Christmas Messes

This is a photo of a pile of dirt. But not just any dirt, this is the dirt that accumulated in my kitchen/dining area in just 4 short days since I had last swiffered. It's remarkable, really.

God has apparently found humor in using cleaning to speak to me as of late... whether a dishcloth or a pile of dirt, some of my most introspective moments have occurred whilst cleaning. I'm beginning to think He has an underlying message he's attempting to get across (cleanliness is next to godliness, maybe?).

Anyway, I was grumbling at the messy state of my house, appalled at the amount of dirt that had shown up in just a few short days, when I realized something...there was a lot of joy to be found within this mess.

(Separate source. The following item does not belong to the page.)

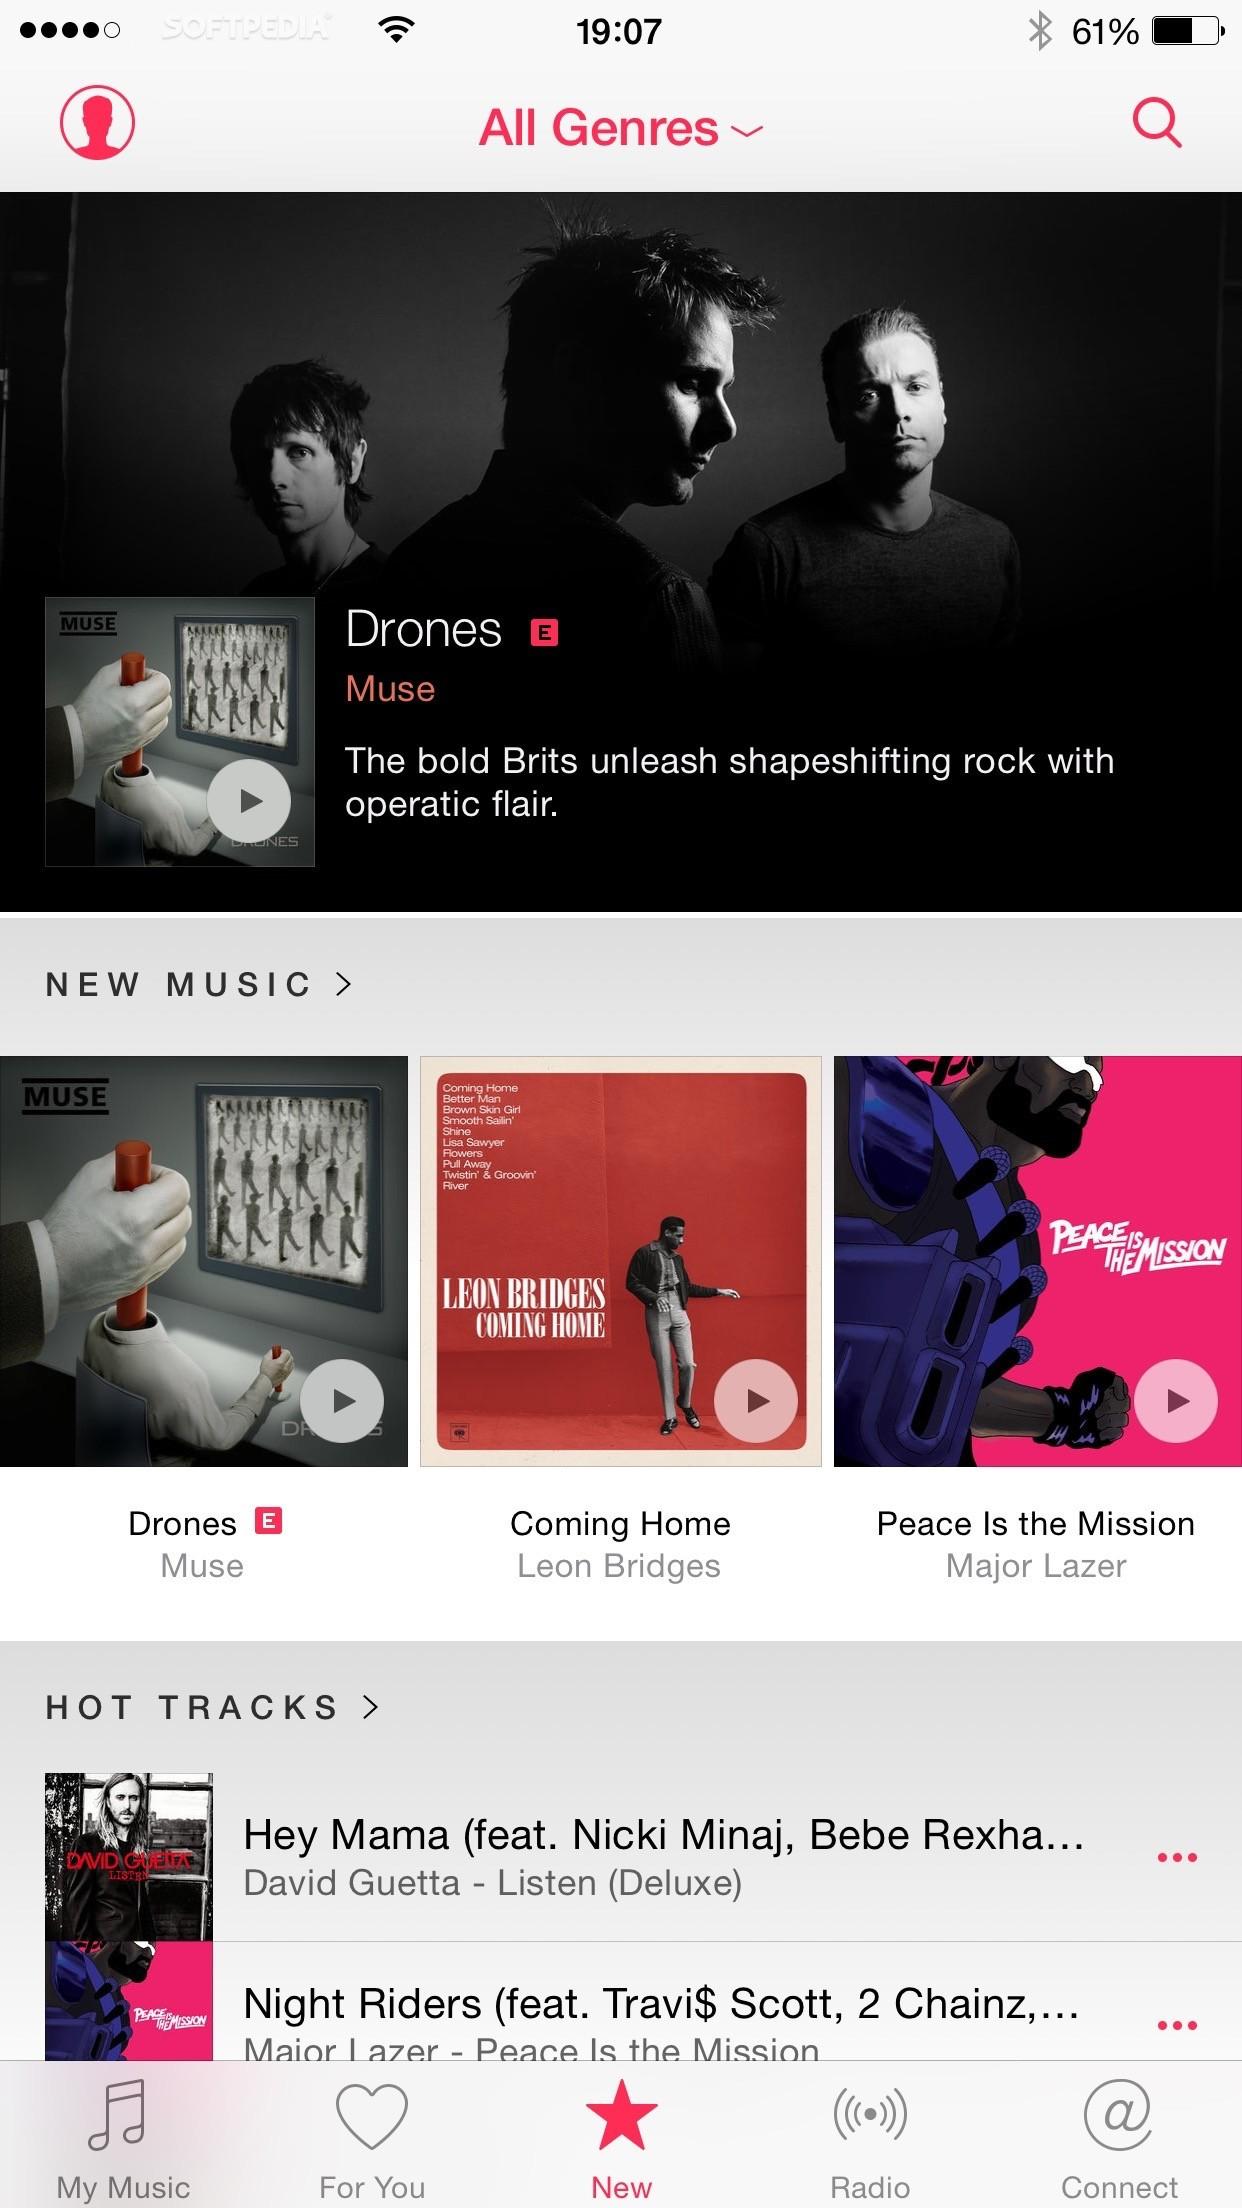 Ios 8.4: Apple Music, Audiobooks, Wi-Fi Bug Fix and a Jailbreak

Sprinkles from baking cookies with the kids, needles from our Christmas tree, leaves drug in from visiting family. Things I cherish dearly.

This Christmas season has felt different than others. So many hurting people - from school shootings, and lost loved ones to hurting marriages, financial difficulties and illness, there is so much pain to be found. At times it feels difficult to feel festive in the midst of the sadness around us. But I am coming to the realization that maybe that's the point. The Joy in the midst of the messes is where Christ can truly be found. He is, after all, our Emmanuel. He's our God with us. How often do we take that for granted?

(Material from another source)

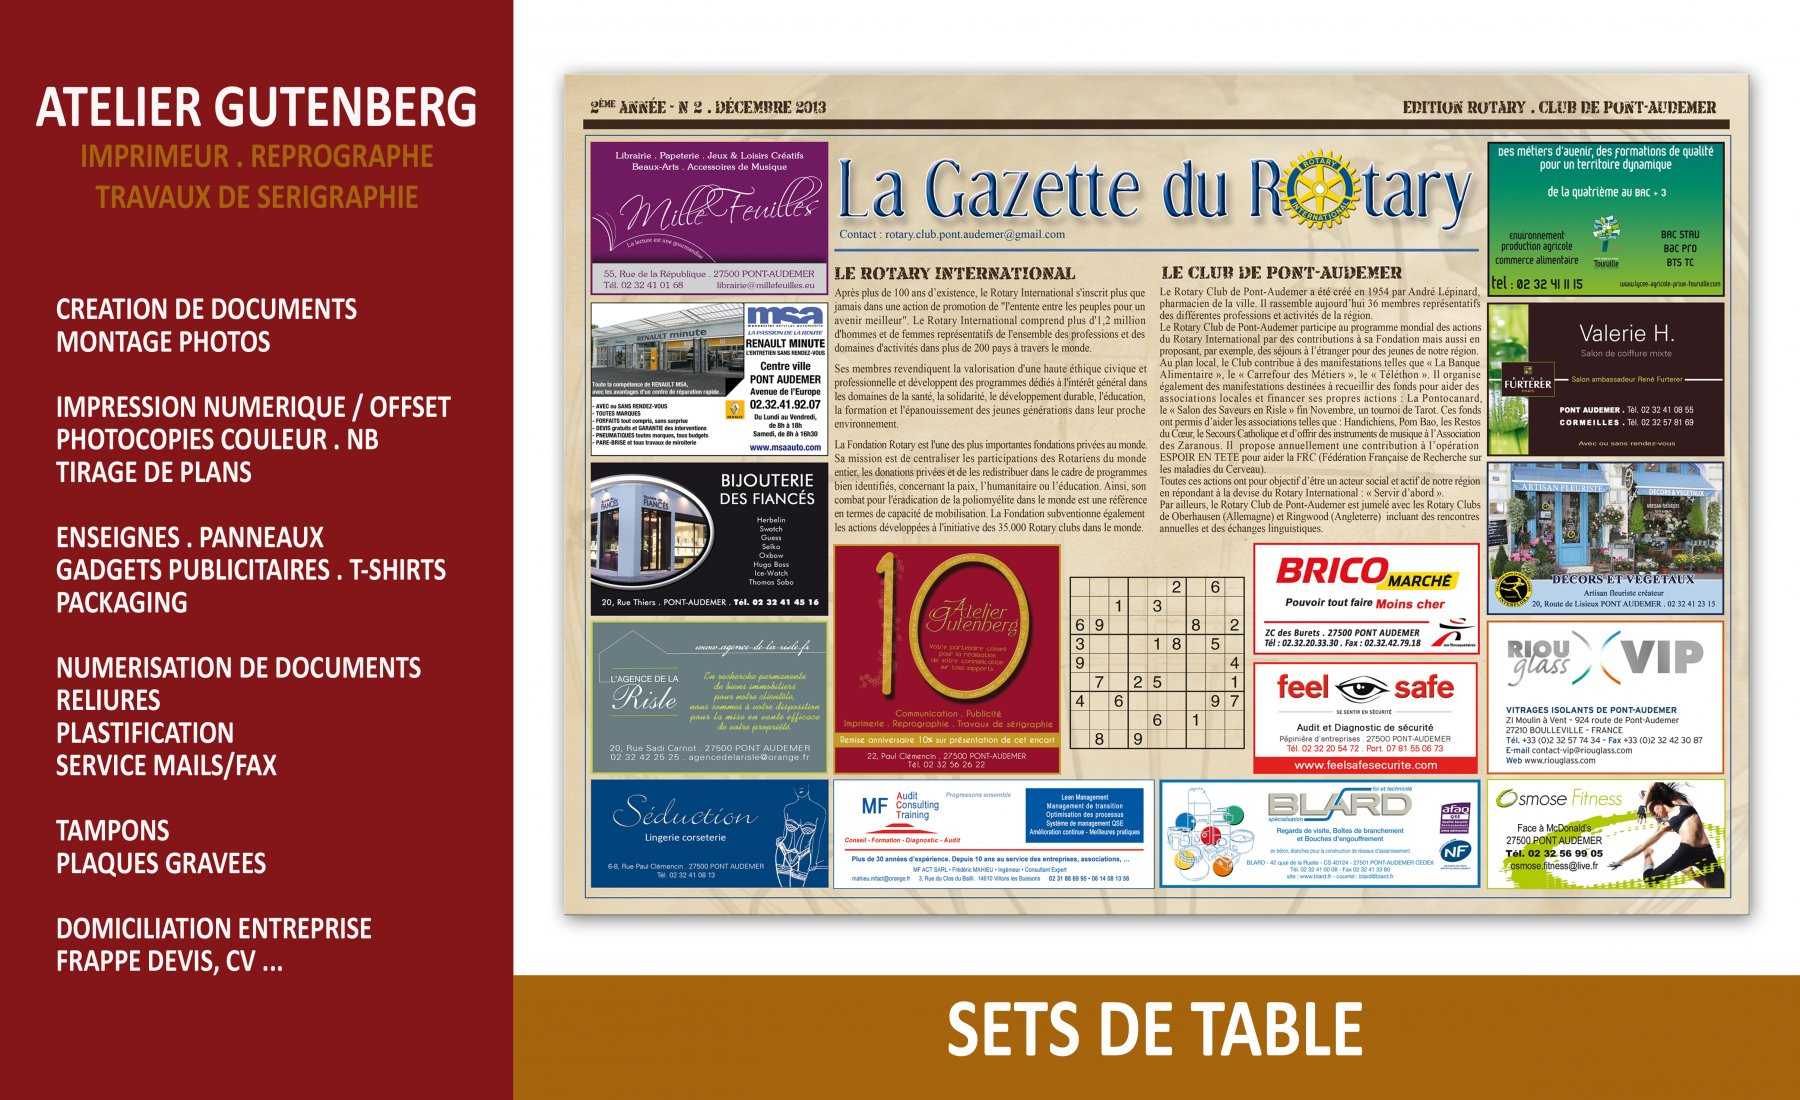 atelier gutenberg set de table du rotary format 29.7 x 42

An aspect of the Christmas Story that we often overlook amidst our celebrations is the decree Herod had put forth to kill all the baby boys. I cannot begin to imagine soldiers invading my home and taking my precious Colson from my arms. The amount of grief that permeated the Jewish communities during that time likely superseded even that of the recent tragedy in Connecticut. And yet, Jesus did not come to earth in a mighty form - he came as the most vulnerable - a baby - a baby boy even. This amazes me. From the very beginning, he inserted himself in the midst of the mess of our lives.

This Christmas, my heart's cry is for us to realize who Jesus really is - Our Emmanuel. As if that isn't enough, he is not just with us - because of the cross he is healing us, loving us and pursuing us with a passion strong enough to conquer even death itself! And the good news is that he starts our healing in the midst of the messes. If we look... He is there...there is Joy to be found! And that is reason to celebrate this Christmas!